About this exercise
Pictures are to be left out, and only the lines from the one with "Signed 'Kanchik' lower right." through the last line of the listing below are to be repeated exactly.
=== Section Start ===
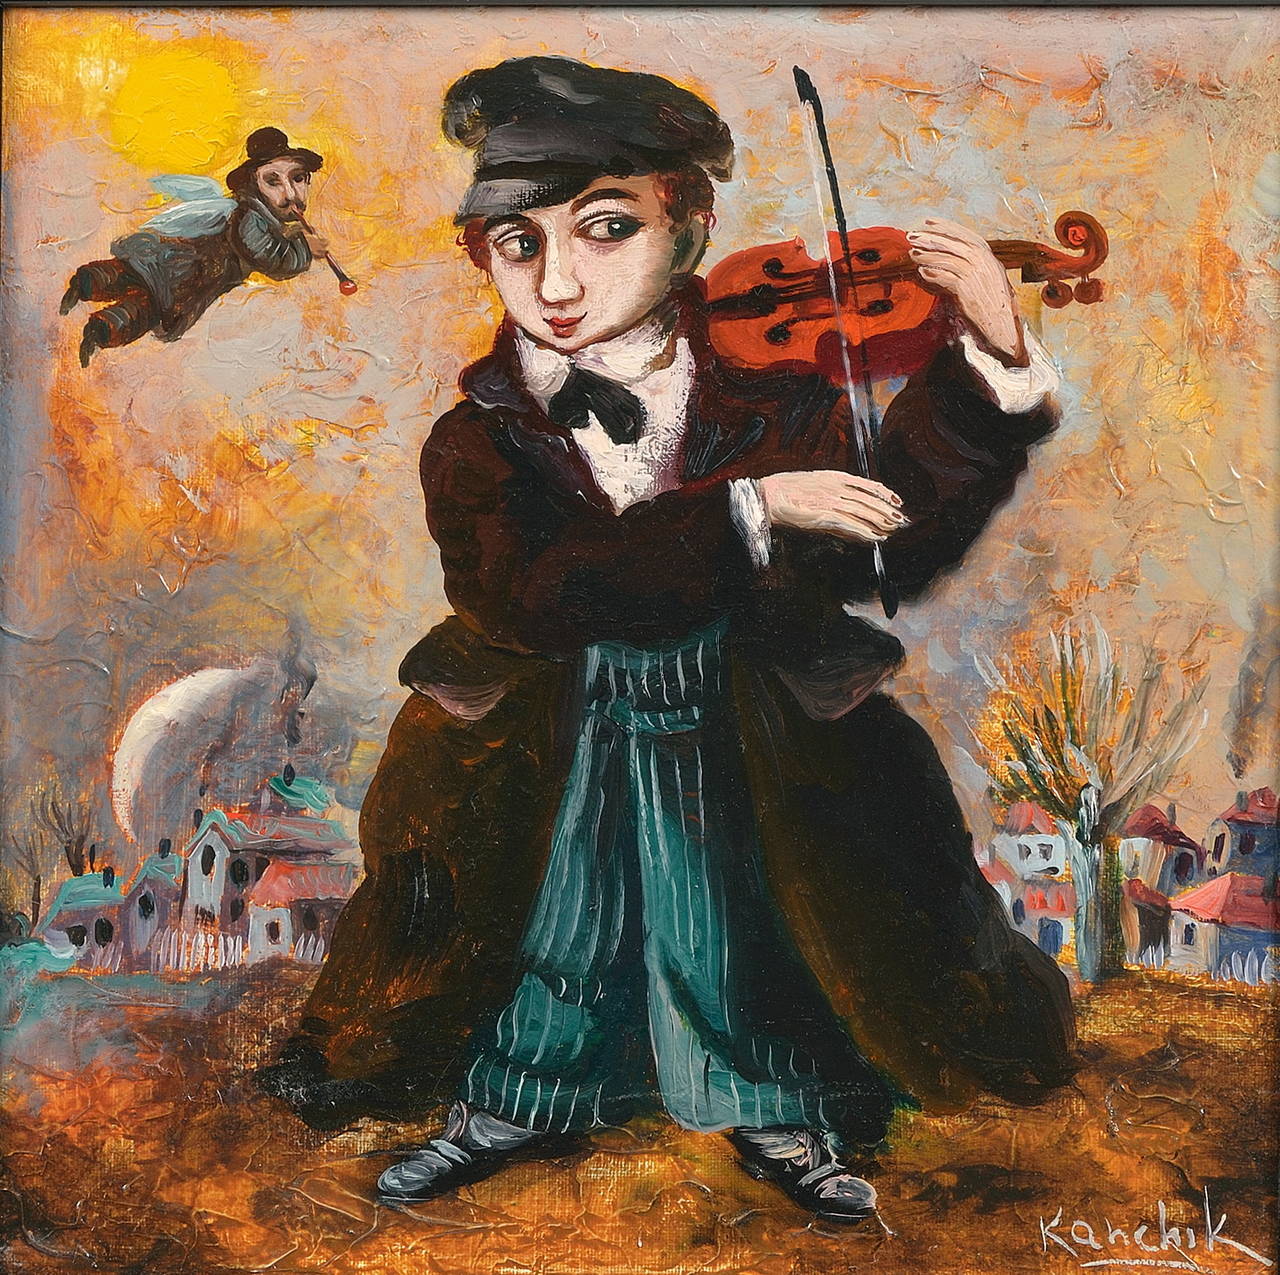 Oil on canvas.
From the series 'Homage to Marc Chagall.'
By Alexander Kanchik born in USSR (Moldavia) 1959, living in Ra'anana, Israel.
Signed 'Kanchik' lower right.
Framed very ornate and exceptional quality wood.
Dimensions: 40 cm x 40 cm
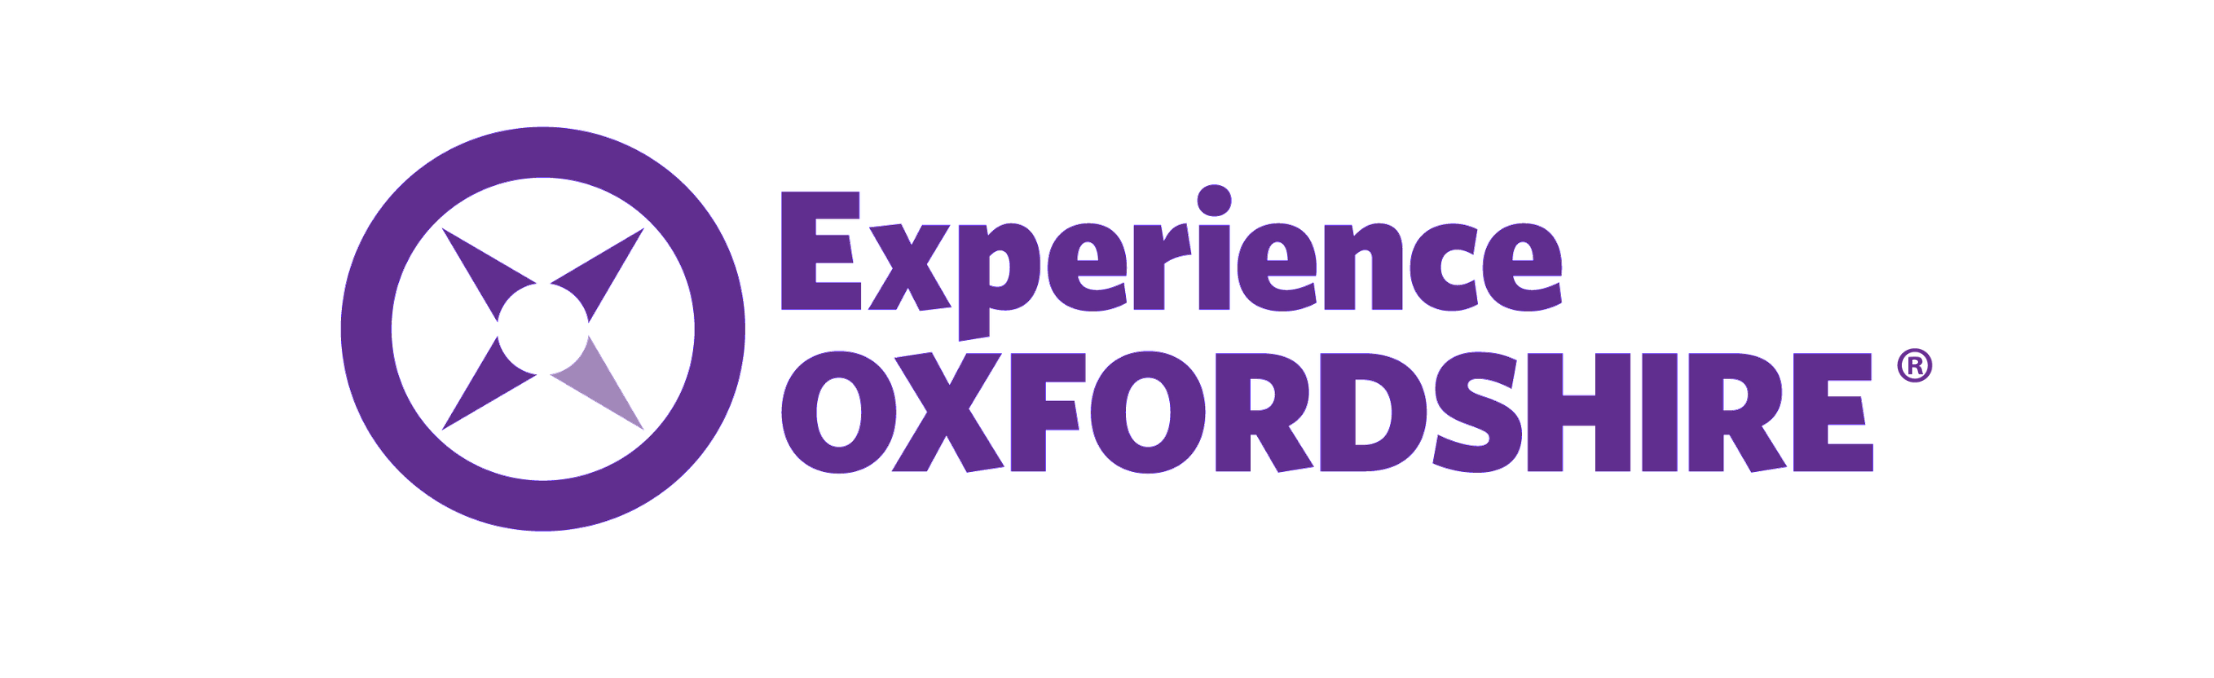 Experience Oxfordshire Banner
=== Section End ===
Answer
Signed 'Kanchik' lower right.
Framed very ornate and exceptional quality wood.
Dimensions: 40 cm x 40 cm
 Experience Oxfordshire Banner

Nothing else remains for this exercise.